In the wake of the election defeat and in the hope of obtaining public support the second time around, the board has since voted unanimously to end contract negotiations with the Mattituck-Cutchogue district.

Although dropping the contract negotiations has been the most significant change since the spending plan was defeated last month, the board has also made other budget tweaks.

During a public hearing to discuss the spending plan Tuesday night, the board voted 4-2 in favor of applying an additional $100,000, for a total of $200,000, from the fund balance to offset the estimated 2.5 percent tax levy. The district’s tax levy proposal is below the state’s newly mandated 2 percent cap on the tax levy because certain expenses, such as pensions, are excluded from the cap.

Board vice president Dorothy-Dean Thomas and member Janice Caufield voted against the proposal. Board president Deborah Dumont was absent from the meeting.

Superintendent Joan Frisicano declined to say how much the move would decrease the tax levy.

In addition to addressing residents’ concerns about property taxes, Ms. Frisicano defended her recommendation to budget for a pre-Kindergarten program next year.

The board has approved spending about $30,900 for a part-time preschool teacher in addition to purchasing textbooks and other supplies.

But some residents said they believed Oysterponds shouldn’t add a pre-K program because it could have a detrimental effect on a similar, independent service provided by the nearby Orient Congregational Church.

Greenport resident Greg Wallace submitted a petition signed by 97 people requesting the board abandon its pre-K plans.

“Some of the decisions being discussed, we feel, undermine strong foundations that we’ve built in this community over decades,” he said. “A preschool is a great idea, but it undermines a pillar of this community.”

School board member Linda Goldsmith described offering a comparable pre-K program as an “elephant in the room” because she believed residents would stop sending their children to the church to save money because the Oysterponds preschool program would be free for residents.

“It will destroy the program at the church,” Ms. Goldsmith said.

Ms. Frisicano and principal Francoise Wittenburg said it has always been their intention to collaborate with the church in developing a preschool program.

But an apologetic Ms. Frisicano conceded she hasn’t done a good job communicating with the church in coming up with a plan and hopes to finalize the Oysterponds preschool program with its neighbor in the coming weeks.

A preschool program is one part of Ms. Frisicano’s stated plan to invigorate student achievement.
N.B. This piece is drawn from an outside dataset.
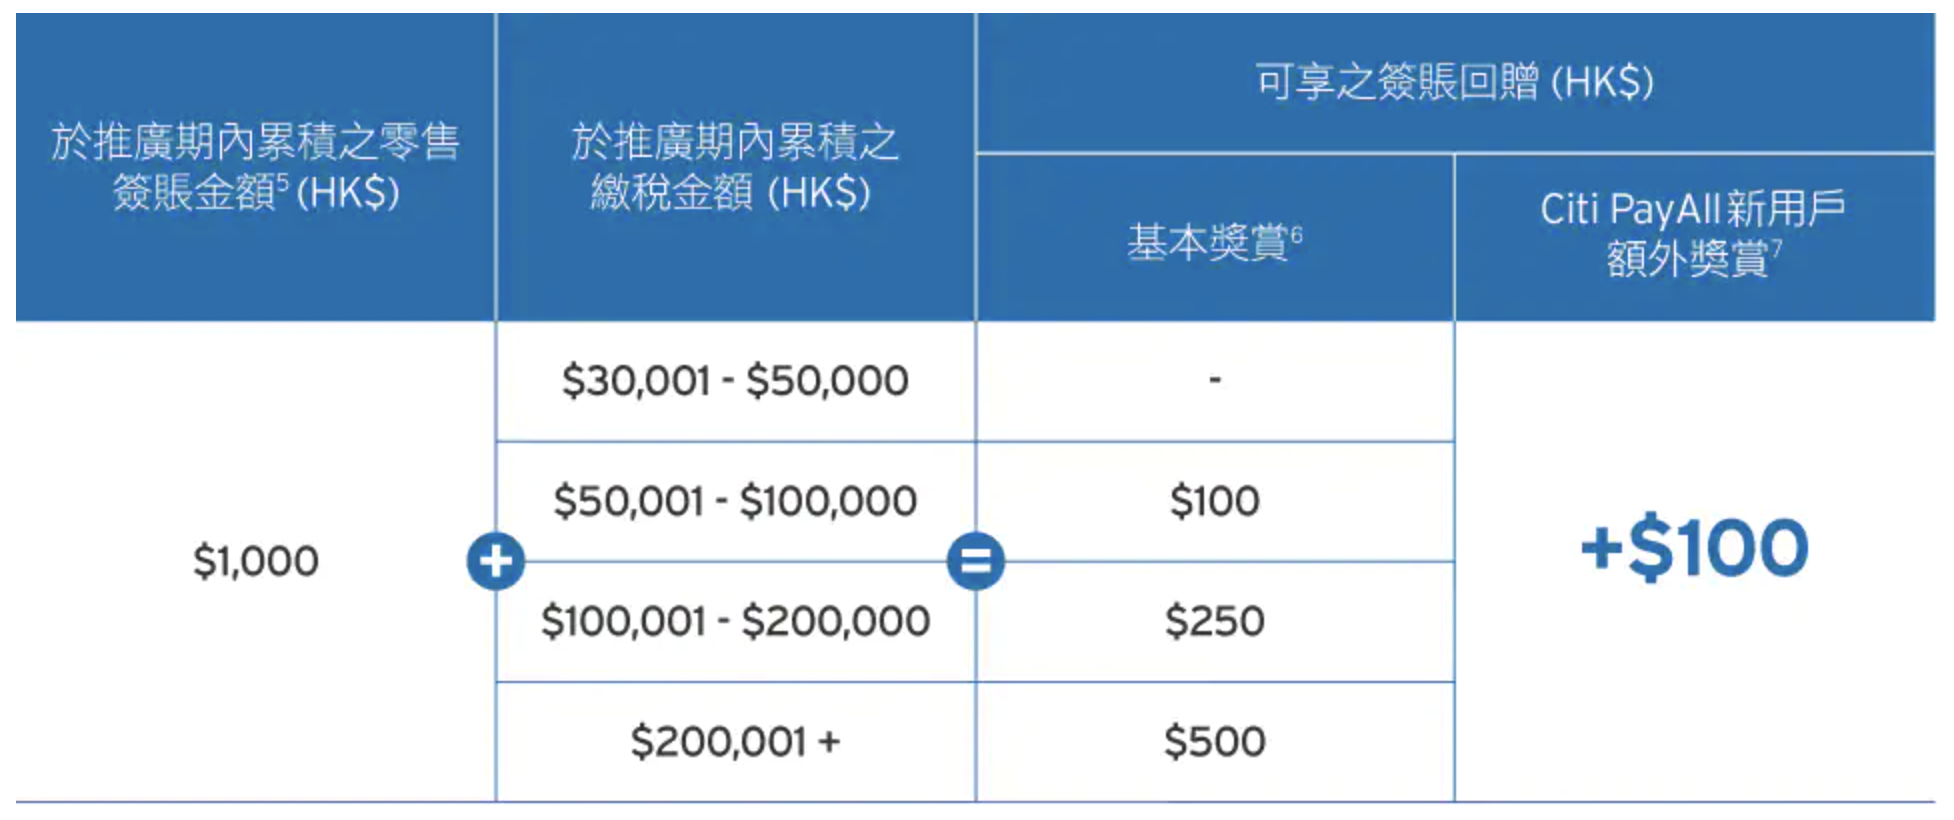 Citi PayAll︱交稅必睇！可賺高達HK$600簽賬回贈！另有繳費獎賞 HK$1 = 1里 可賺高達15,000里！

Oysterponds has also budgeted for about $19,000 worth of iPads for next year. Fourth-, fifth- and sixth-graders will learn research and reading techniques on the tablets.

“There are things in this budget that will take Oysterponds to new places,” Ms. Frisicano said.

Although the proposed spending plan includes enriching the school’s science, technology, engineering and mathematics program known as STEM, as well as providing professional development for teachers, it also includes laying off the school’s only librarian.

Ms. Frisicano has said she believes turning the library into a “literacy center” will be more beneficial to students.

A special education teacher position has been added back into the budget since the board last presented its spending plan, Ms. Frisicano said, but a special education teacher assistant will still be excessed due to a reduction in special ed enrollment.

Oysterponds currently has nine special ed students and anticipates seven next year.

Since a contingent budget would require the district to reduce spending by $125,000, Ms. Frisicano has said it’s possible another faculty position would be cut next year, possibly either a first- or second-grade teacher, should the budget again fall to defeat.

While the district’s “collaborative teaching model” of combining first and second grade next year involves including a teacher for each grade, one of those positions may be removed if the school is forced to reduce spending, Ms. Frisicano said at a previous board meeting.

The budget re-vote will take place June 19 at the school’s gym from 3 to 9 p.m.